Key messages

  • National Mutual Acceptance (NMA) is a system for mutual acceptance of scientific and ethical review of multi-centre human research projects conducted in publicly funded health services across jurisdictions.
  • From 31 August 2017, the Australian Capital Territory, New South Wales, Queensland, South Australia, Victoria and Western Australia are participating in NMA.

Overview

National Mutual Acceptance (NMA) is a national system for mutual acceptance of scientific and ethical review of multi-centre human research projects conducted in publicly funded health services across jurisdictions. The Australian Capital Territory, New South Wales, Queensland, South Australia, Victoria and Western Australia participate in NMA. Single ethical and scientific review for a multi-centre human research project can be provided across the six participating states/territories.

The scope of NMA includes any form of human research as defined in the National Statement on Ethical Conduct in Human Research (NHMRC, 2007) for which an application must be made to a Human Research Ethics Committee (HREC).
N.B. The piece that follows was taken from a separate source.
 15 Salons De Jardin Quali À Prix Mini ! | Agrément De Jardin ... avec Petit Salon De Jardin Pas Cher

Western Australia is the most recent jurisdiction to join NMA (as of 31 August 2017). For existing projects:

  • A project with ethical approval from a NMA reviewing HREC can add a Western Australian site through an HREC amendment process
  • A project with ethical approval obtained in Western Australia before 31 August 2017 cannot be expanded to include sites in other jurisdictions.
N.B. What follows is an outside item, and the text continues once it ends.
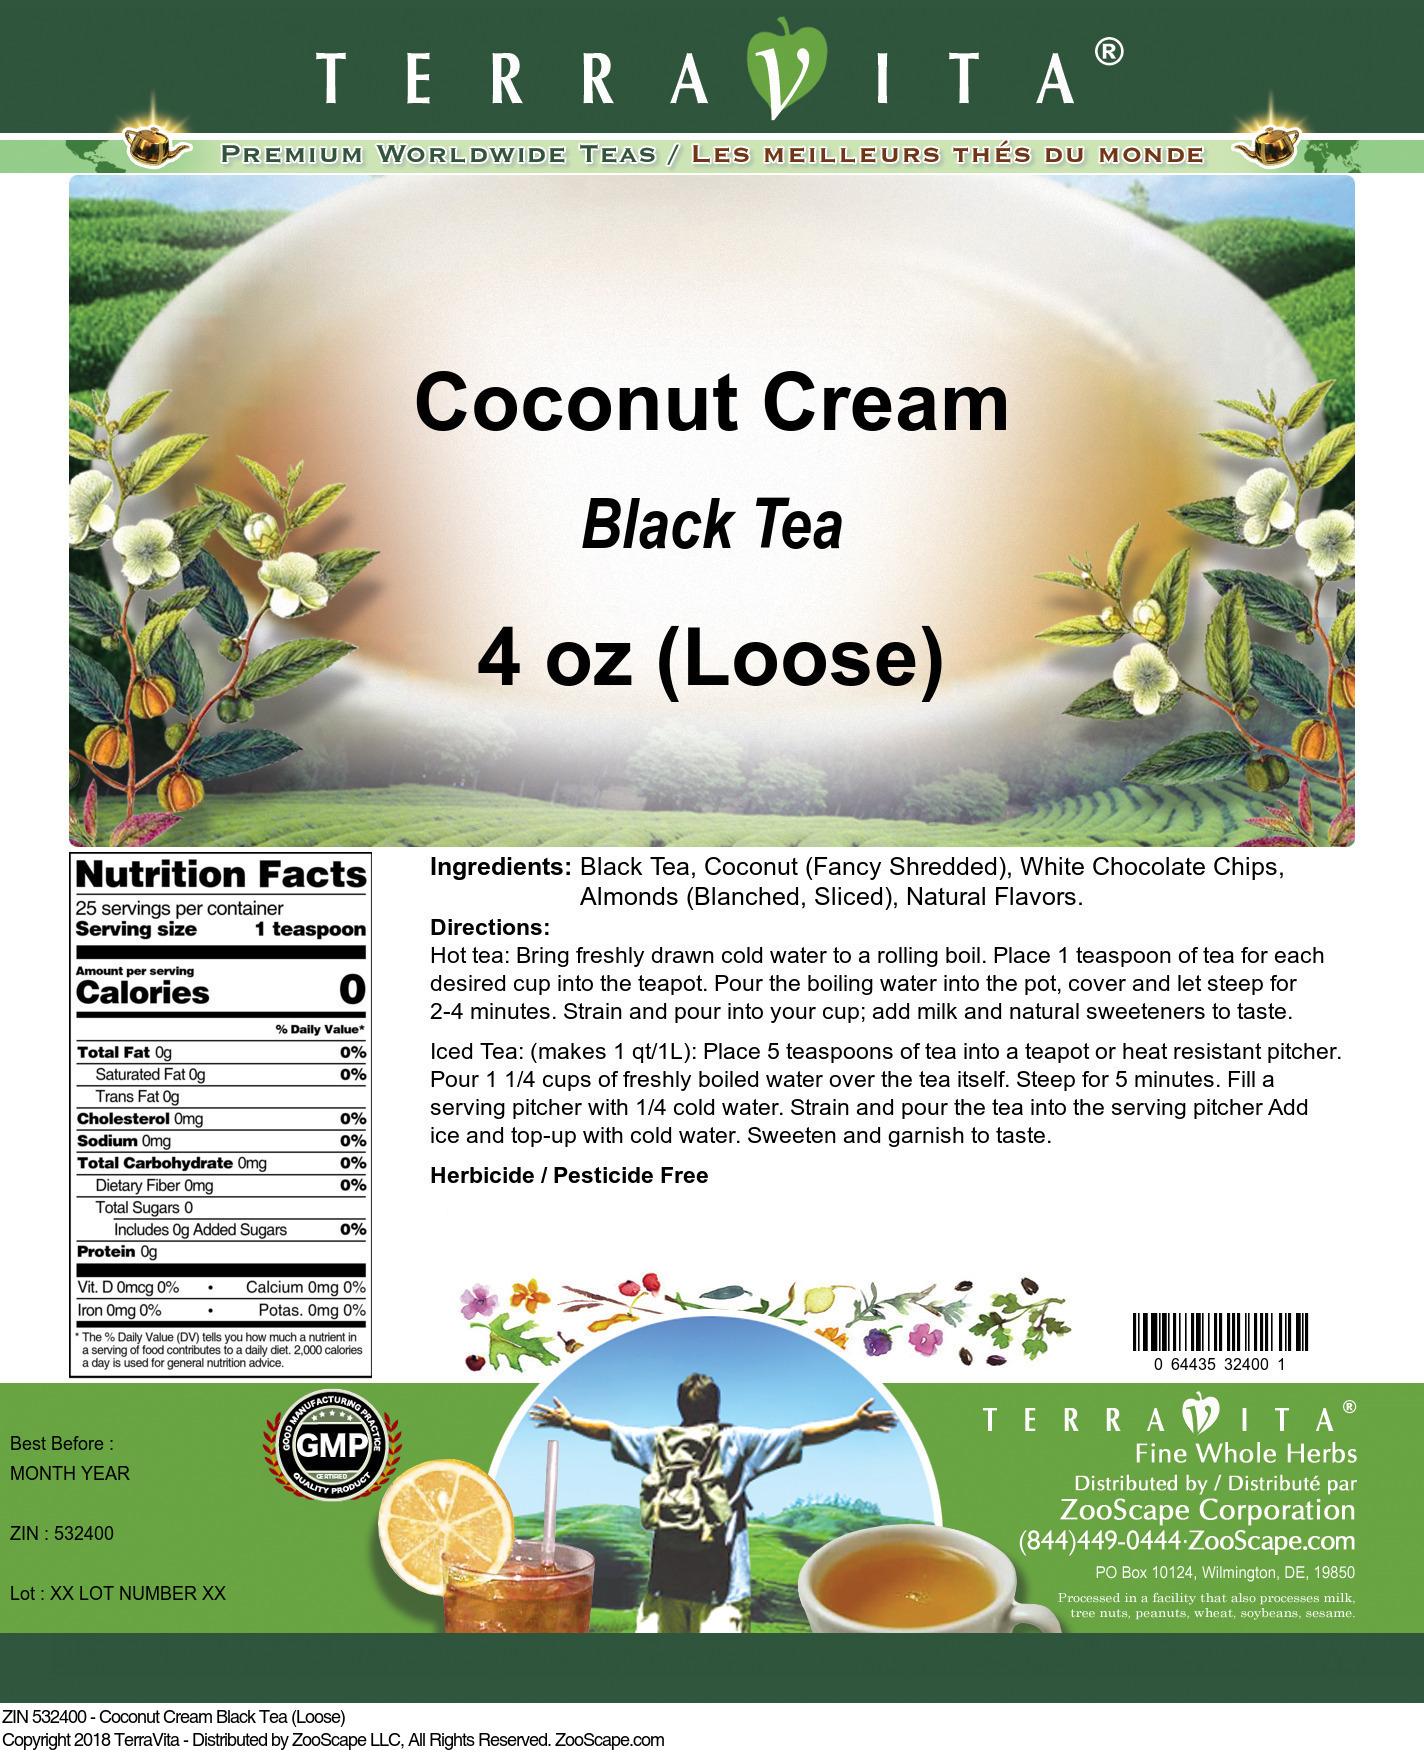 Coconut Cream Black Tea (Loose)

The NMA Brochure, NMA Fact Sheet and NMA Standard Principles for Operation provide detailed information; all are available below.

NMA ethics application

All NMA ethics applications should utilise the Human Research Ethics Application (HREA) form from 31 August 2017. Any existing National Ethics Application Form (NEAF) applications can continue to be processed.

Reviewing HRECs are certified by the National Health and Medical Research Council (NHMRC) and are listed in the HRECs, RGOs and Organisations document (available below).

The Coordinating Principal Investigator (CPI) has overall responsibility for the research project, including the ethics application to the reviewing HREC.

Standard Participant Information and Consent Forms (PICFs) should be used for all NMA research projects. Template PICFs are available on the How to make an HREC application page.

The new Ethics Review Manager (ERM) system will replace Online Forms in Victoria and Queensland on 16 July 2018. For all ethics applications in VIC and QLD, ERM must be used to create, complete and submit the HREA.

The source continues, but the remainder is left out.